MDHS began refusing to answer any of my questions. Eventually, they started routing all emails from me through the attorney general’s office. If I sent the head of the TANF program a question, an AAG would respond in legalese.
Public records requests were agonizing. Any meager explanations I did get—like about what NSPARC was doing to track outcomes for the agency—were hazy and never backed up by documents.
So, when the governor forwarded my straightforward tweet based on data, his welfare director spun it into an ideological agenda: “She is advocating that we should use more TANF funds towards cash assistance,” Davis responded.
We were spending 5% of our welfare funds on direct cash assistance. I wasn’t advocating for anything, but I was asking if MDHS thought that was a proper balance and why. And to show me what they were doing with the rest of the money and how they knew the programs worked.
Two months after my tweet, the MDHS employee responsible for creating many of the TANF subgrants and paying vendors “without creating an audit finding”—part of the scheme to misspend $77m—tattled on Davis for sending $48,000 meant for a professional wrestler to his own P.O. Box.
That’s the tip Phil Bryant took to the state auditor, not the overall and very obviously broken welfare system that was letting tens of millions fly out the door unchecked.
During my interview with Phil Bryant on Saturday, his tone was that he wished he’d known sooner so he could have stopped it. But he would have known if he’d listened back in 2017—before much of the known alleged fraud occurred.

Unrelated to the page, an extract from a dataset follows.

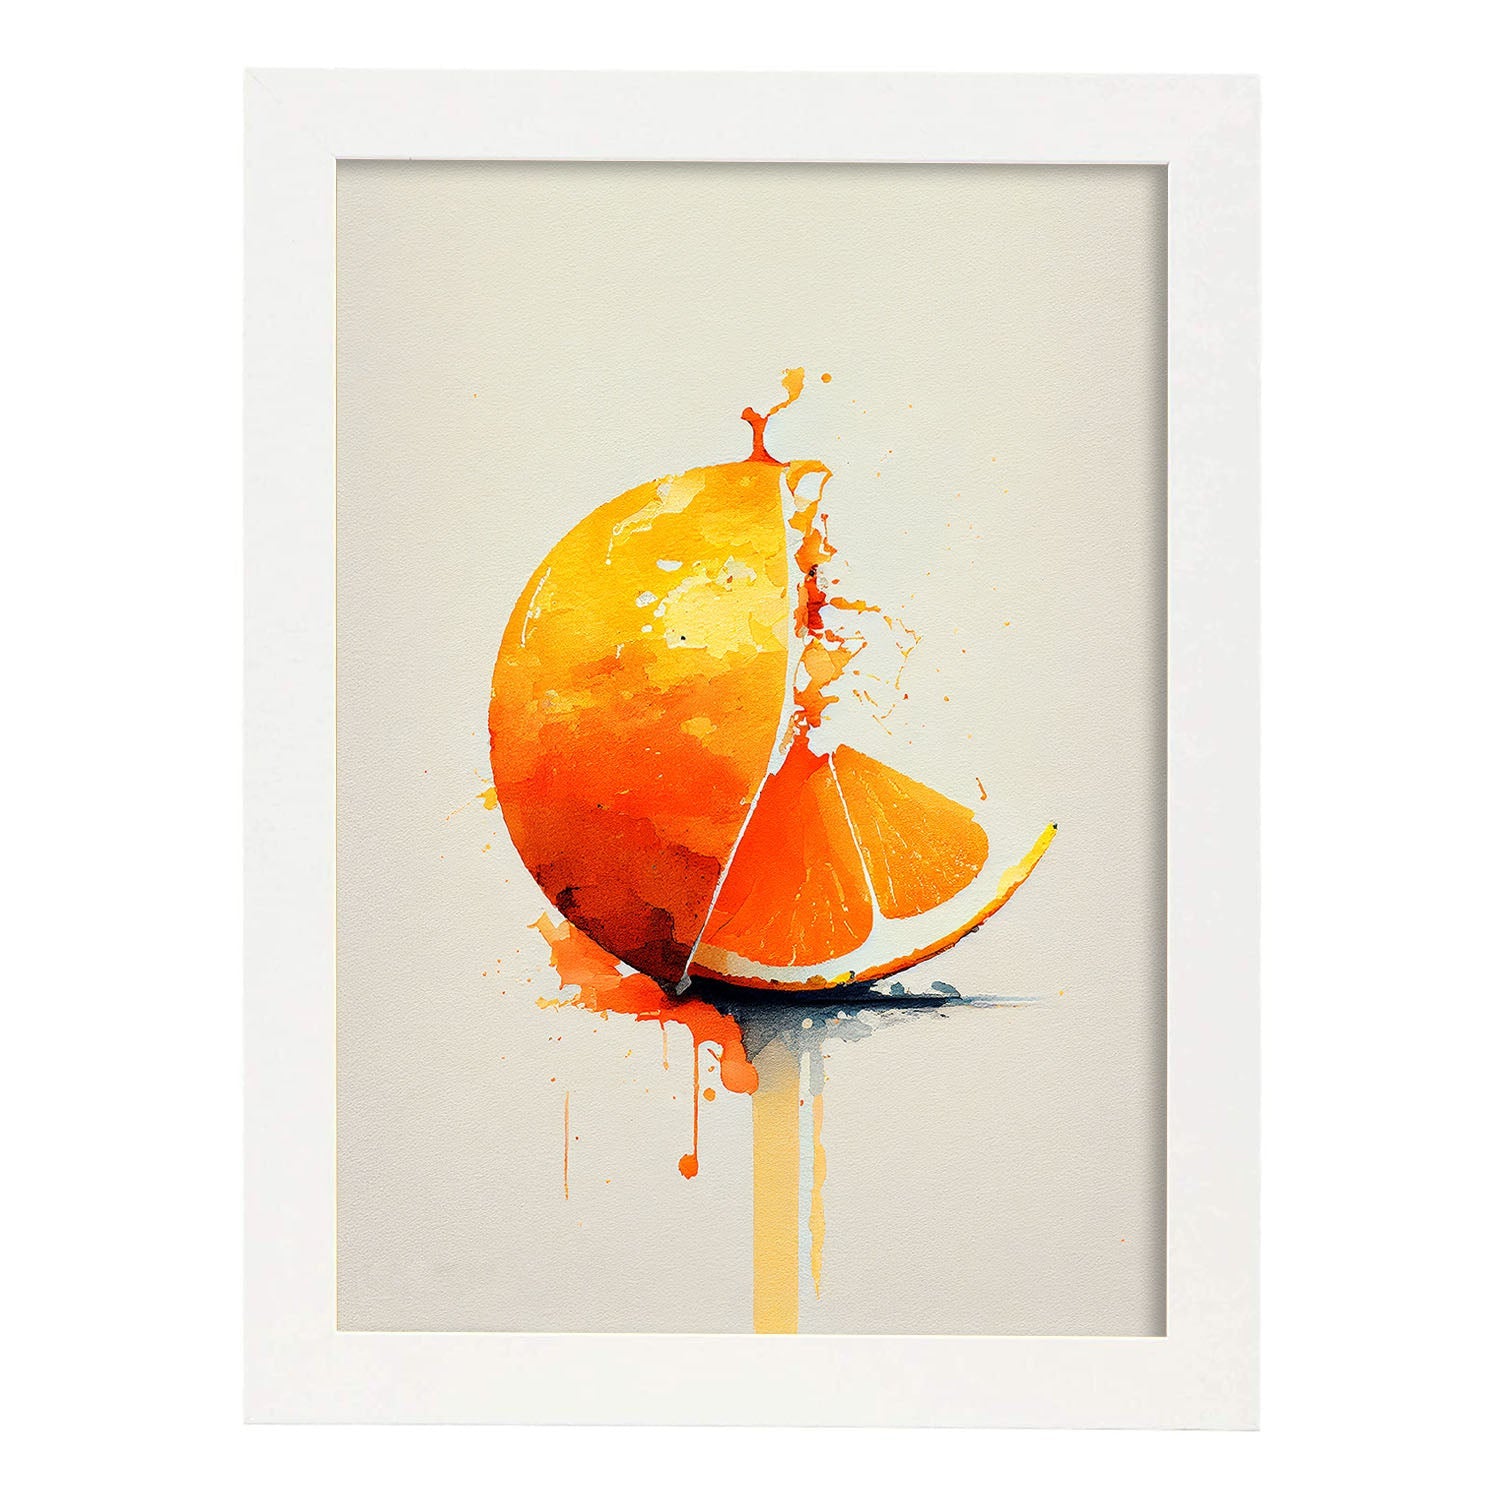 Nacnic minimalist Orange_1. Aesthetic Wall Art Prints for Bedroom or Living Room Design.-Artwork-Nacnic-A4-Marco Blanco-Nacnic Estudio SL

He may not read his texts, but Phil Bryant read my tweet. And he was unfazed about the serious issues raised in my reporting because, as he responded, I’m a “raving liberal.”
Now, I think about all the public assistance recipients and advocates who helped me peek into the system over the years and figure out what the right questions were, and the explanation we would make up in our heads in the absence of any answers from state leadership.
The reality was even worse. And still, we were way more right than we ever wanted to be, because we were hoping we were wrong.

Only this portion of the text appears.